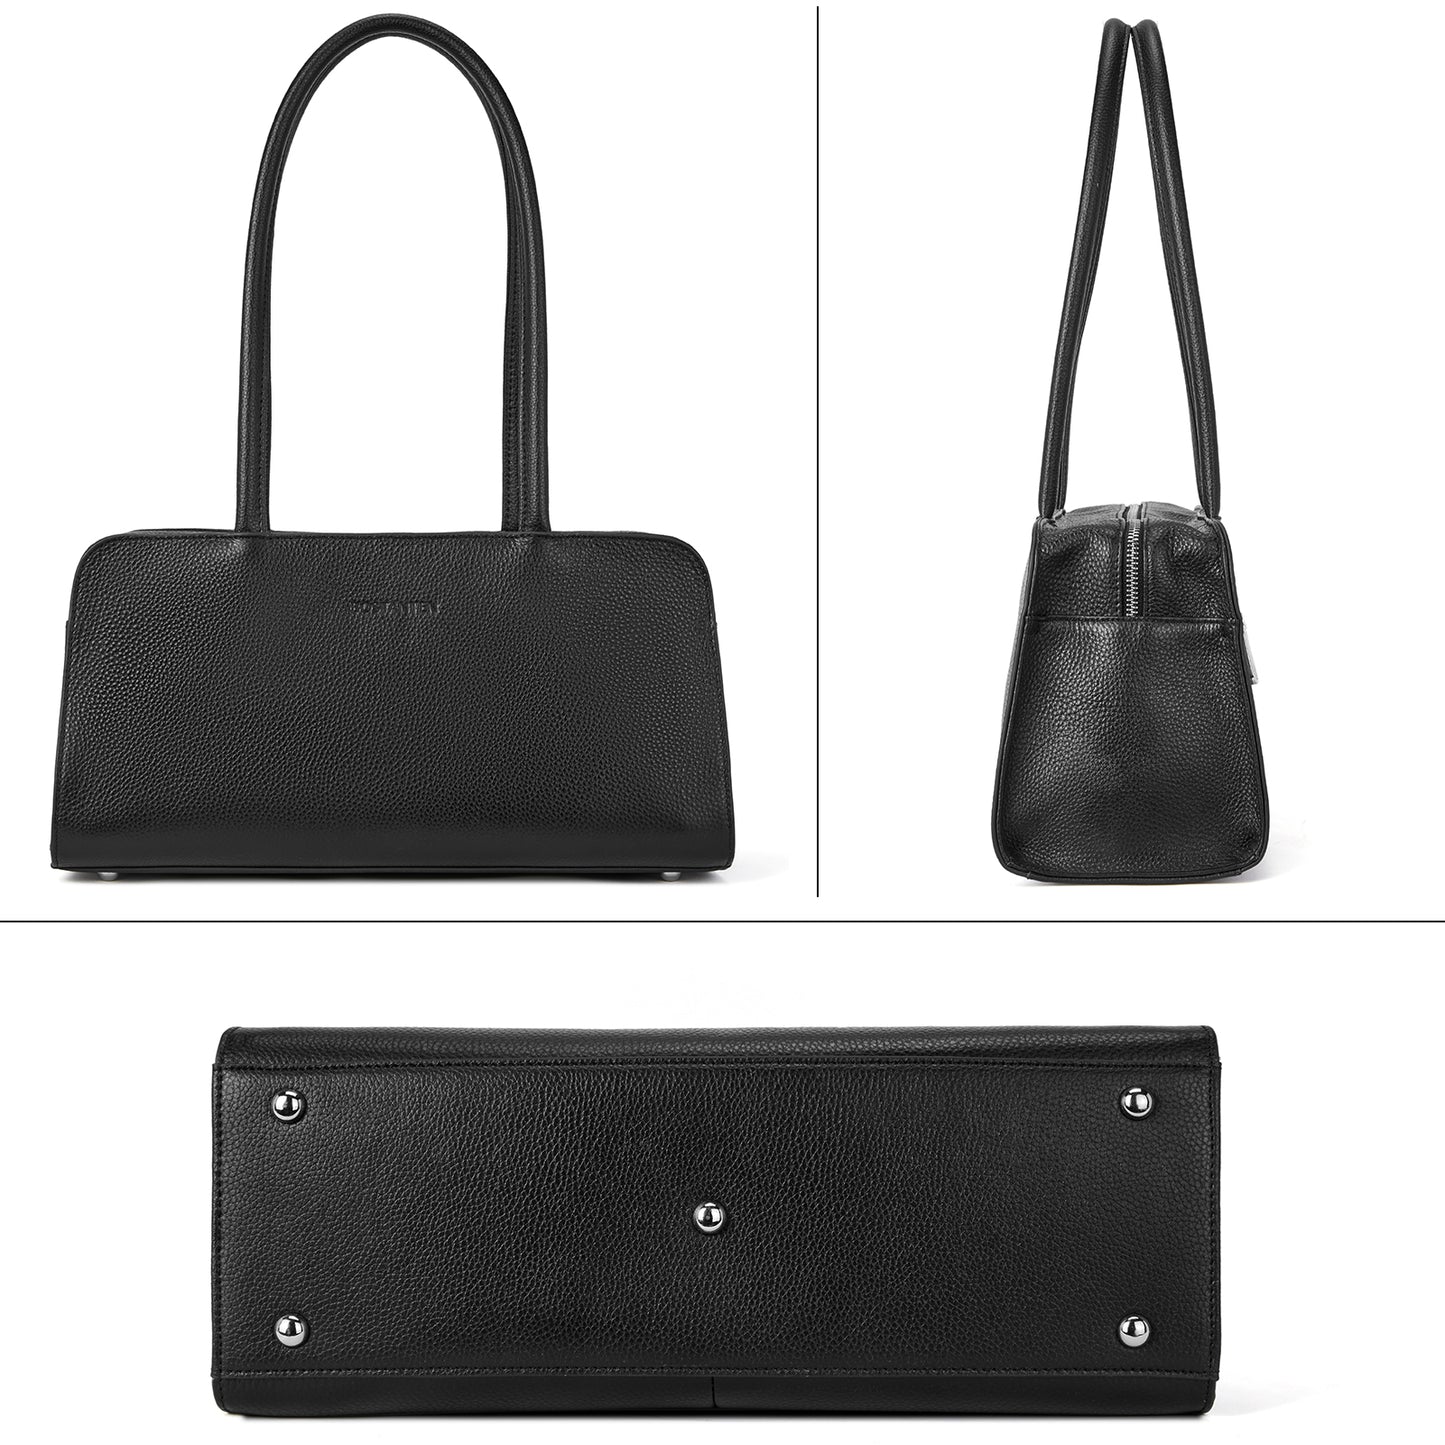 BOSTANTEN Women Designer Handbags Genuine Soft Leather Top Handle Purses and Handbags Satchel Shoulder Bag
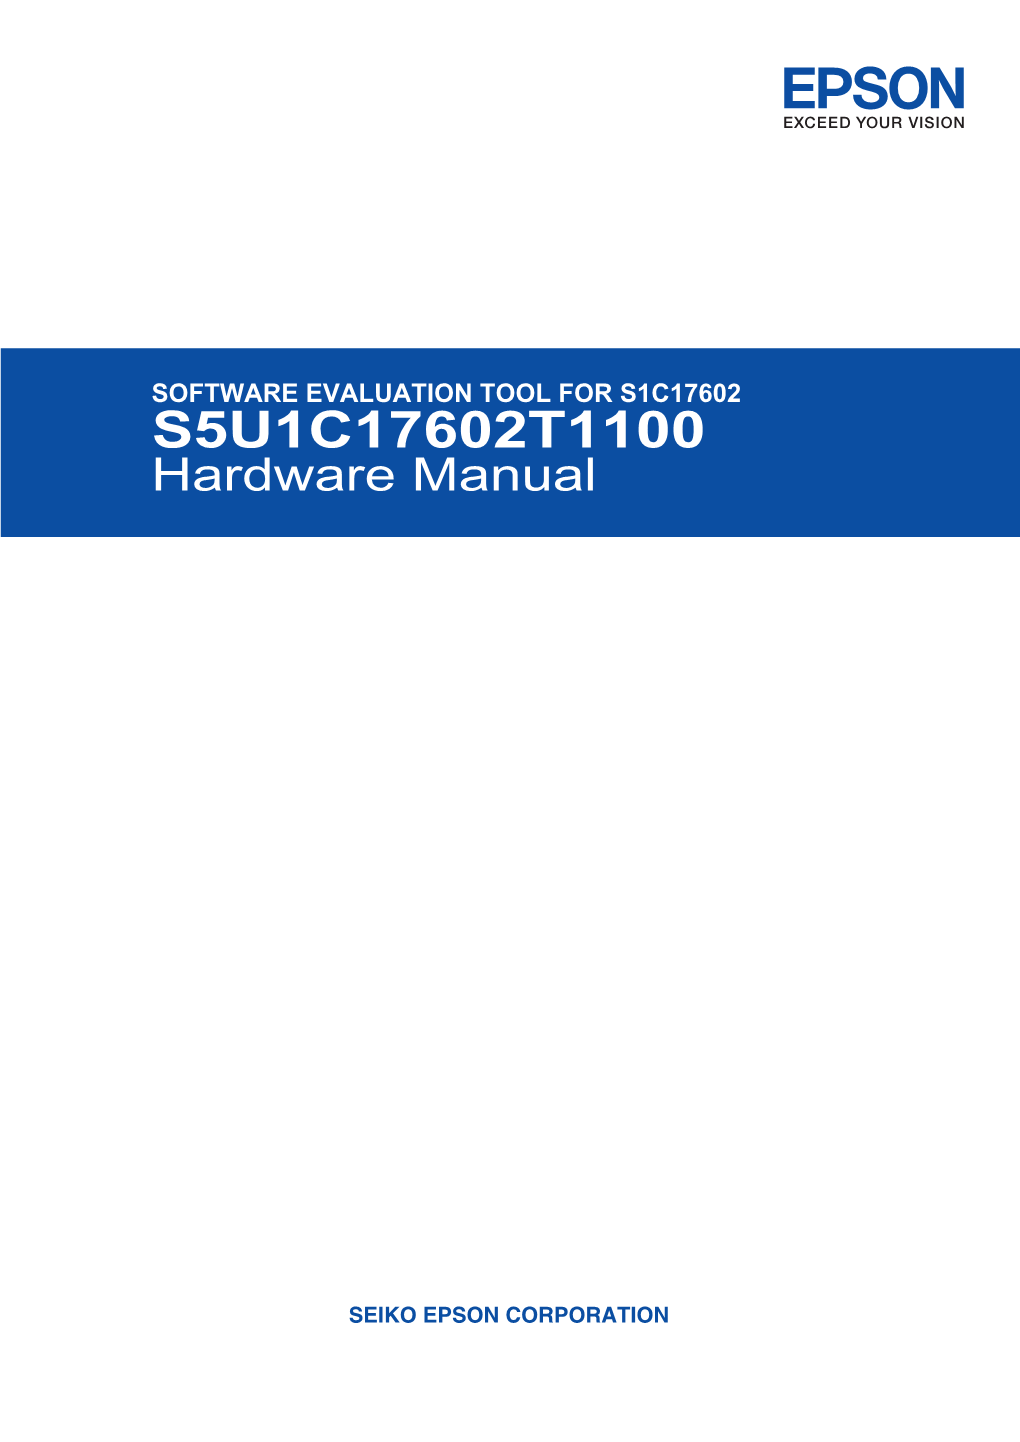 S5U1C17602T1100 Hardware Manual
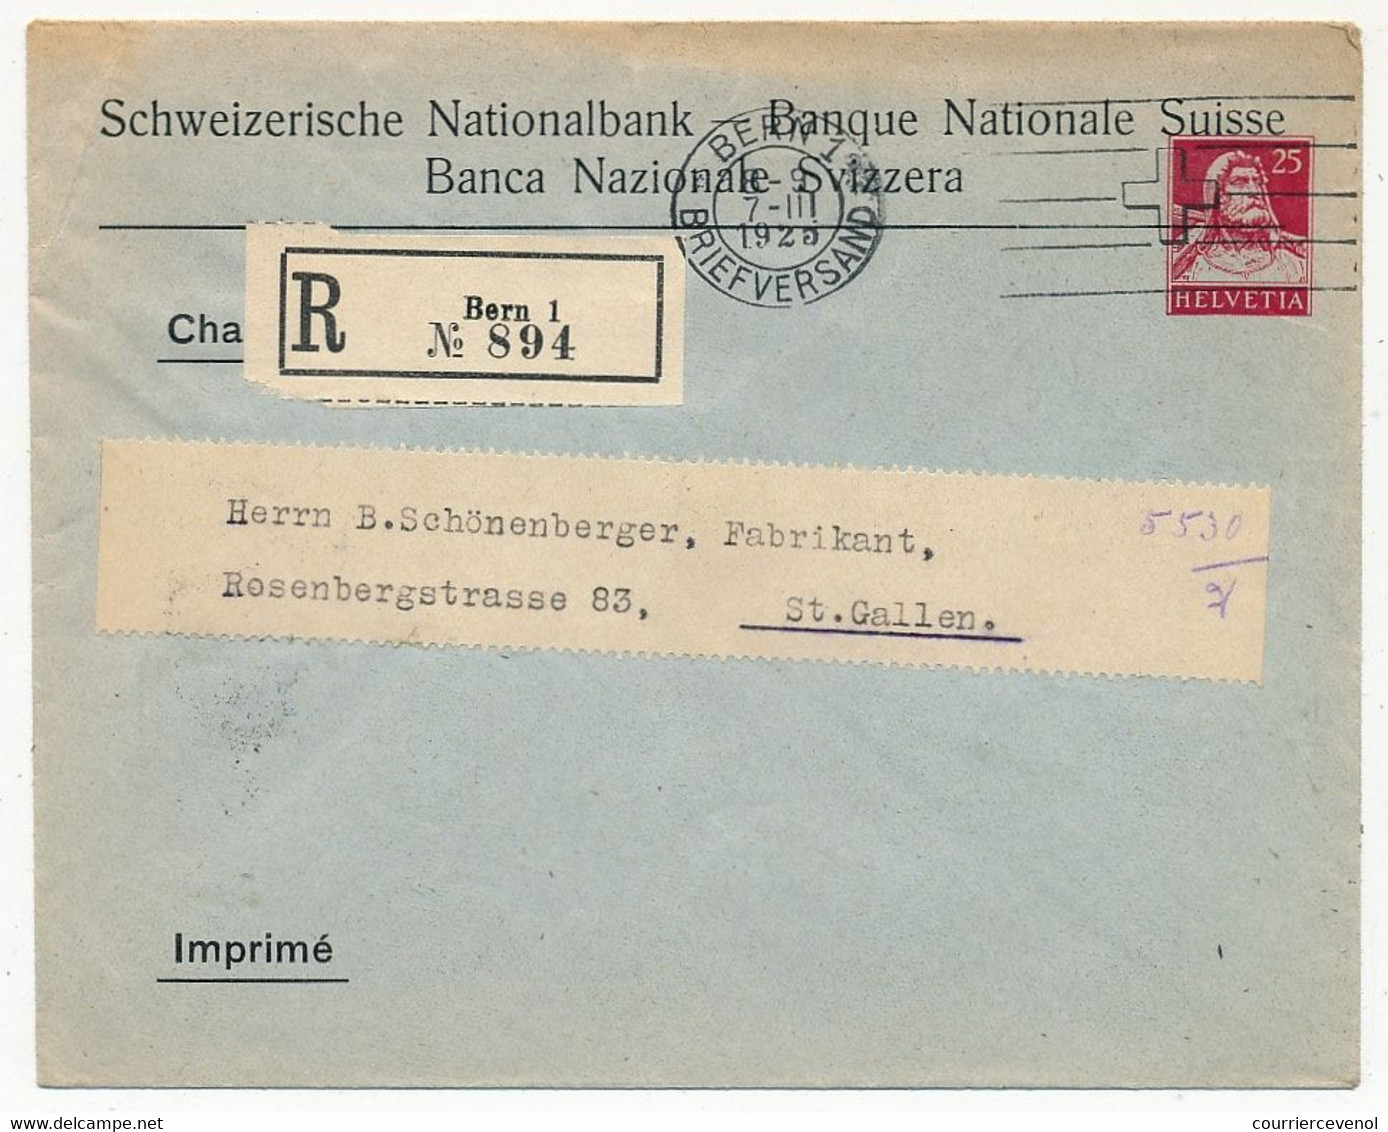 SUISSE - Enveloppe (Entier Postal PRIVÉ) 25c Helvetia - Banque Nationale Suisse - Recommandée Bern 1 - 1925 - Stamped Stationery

########

Your objective: Reproduce the whole listing above character for character; pictures do not belong in it.

Final answer:
 BOSTANTEN Women Designer Handbags Genuine Soft Leather Top Handle Purses and Handbags Satchel Shoulder Bag
 S5U1C17602T1100 Hardware Manual
 SUISSE - Enveloppe (Entier Postal PRIVÉ) 25c Helvetia - Banque Nationale Suisse - Recommandée Bern 1 - 1925 - Stamped Stationery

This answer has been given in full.